In this concept paper, it explicitly allows institutions to do just that. It states in the execution services, by  “…making appropriate disclosures, clarify that the client is under no obligation to use their services and maintain an arms-length relationship through creation of Chinese walls”. This means that institutions can continue to virtually operate the way they do and it is only the individuals who have to choose between being an agent or an advisor. This is unfair and creates an uneven playing field, in favor of institutions.

India Will Become a Land of Financial Agents

By creating difficult conditions for IFA’s and making them choose either the agent or advisor role, they are going to remain agents, because compliance is low and their cash flows will not be impacted.
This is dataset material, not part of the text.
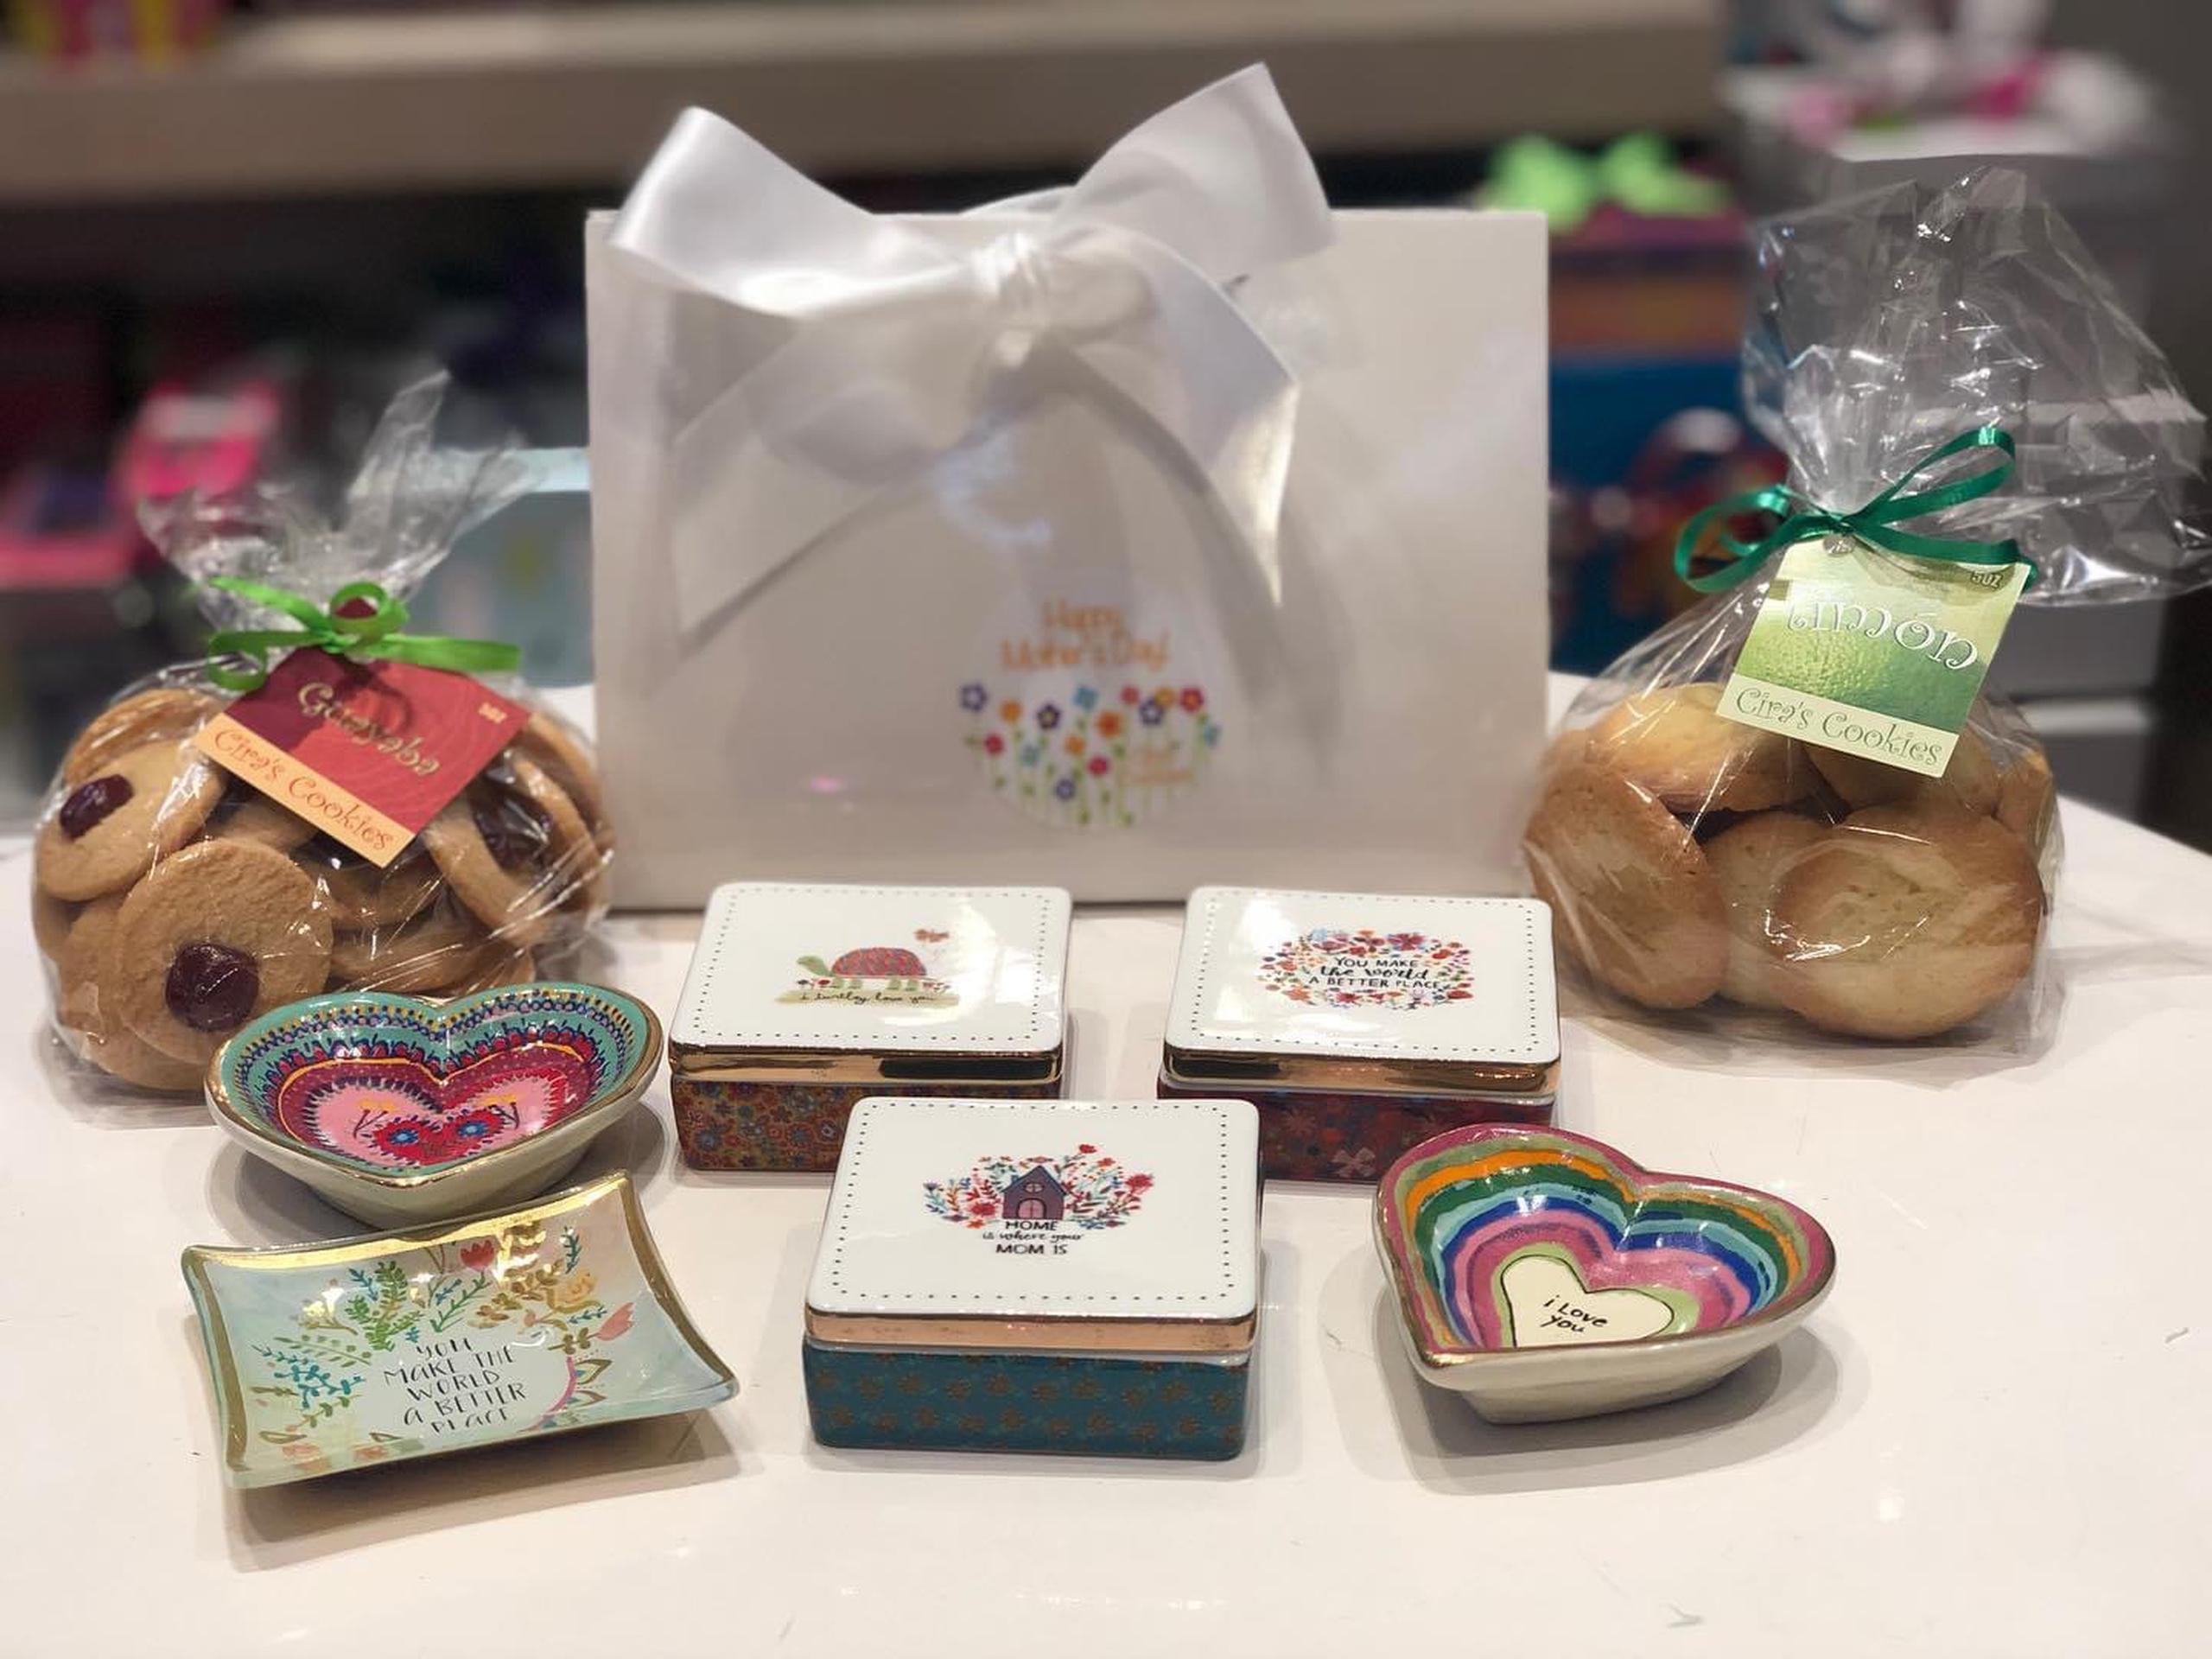 Ciras Cookies tiene disponibles una variedad de cajas para galletas y algún otro detalle como platitos de cristal o libretas.

This regulation will guarantee that India remains a land of agents. Also, excluding all these agents from the ambit of regulations effectively exposes the investor community at large, to mis-selling and other ill-practices. Effective policing of the agents would be absolutely necessary.

The challenge for the regulator is –

  1. to understand that the existing laws need to be implemented better, through which unscrupulous elements can be punished and weeded out and investor’s interest can be upheld
  2. to appreciate that a transition is underway from agent to advisor and they should act as an enabler
  3. to give a long enough transition time before implementing game changing regulations
  4. to create a level playing field, which gives institutional players and individual advisors the same footing
  5. to understand that financial planners are advisors and not investment advisors in the manner they seek to project

The community is waiting with bated breath to see what the regulator might do on this front.  The contours of the industry can change for better or for worse, based on this. We are hoping that good sense will prevail and they don’t end up driving the proverbial nail in the coffin, in a promising industry.

1 comment to Financial Regulation Needs Enlightenment

  • The best way to deal with a monster is to give him a lot of space. Shift your sight from regulators to investors. Nothing holds you back to develop a successful practice except YOU.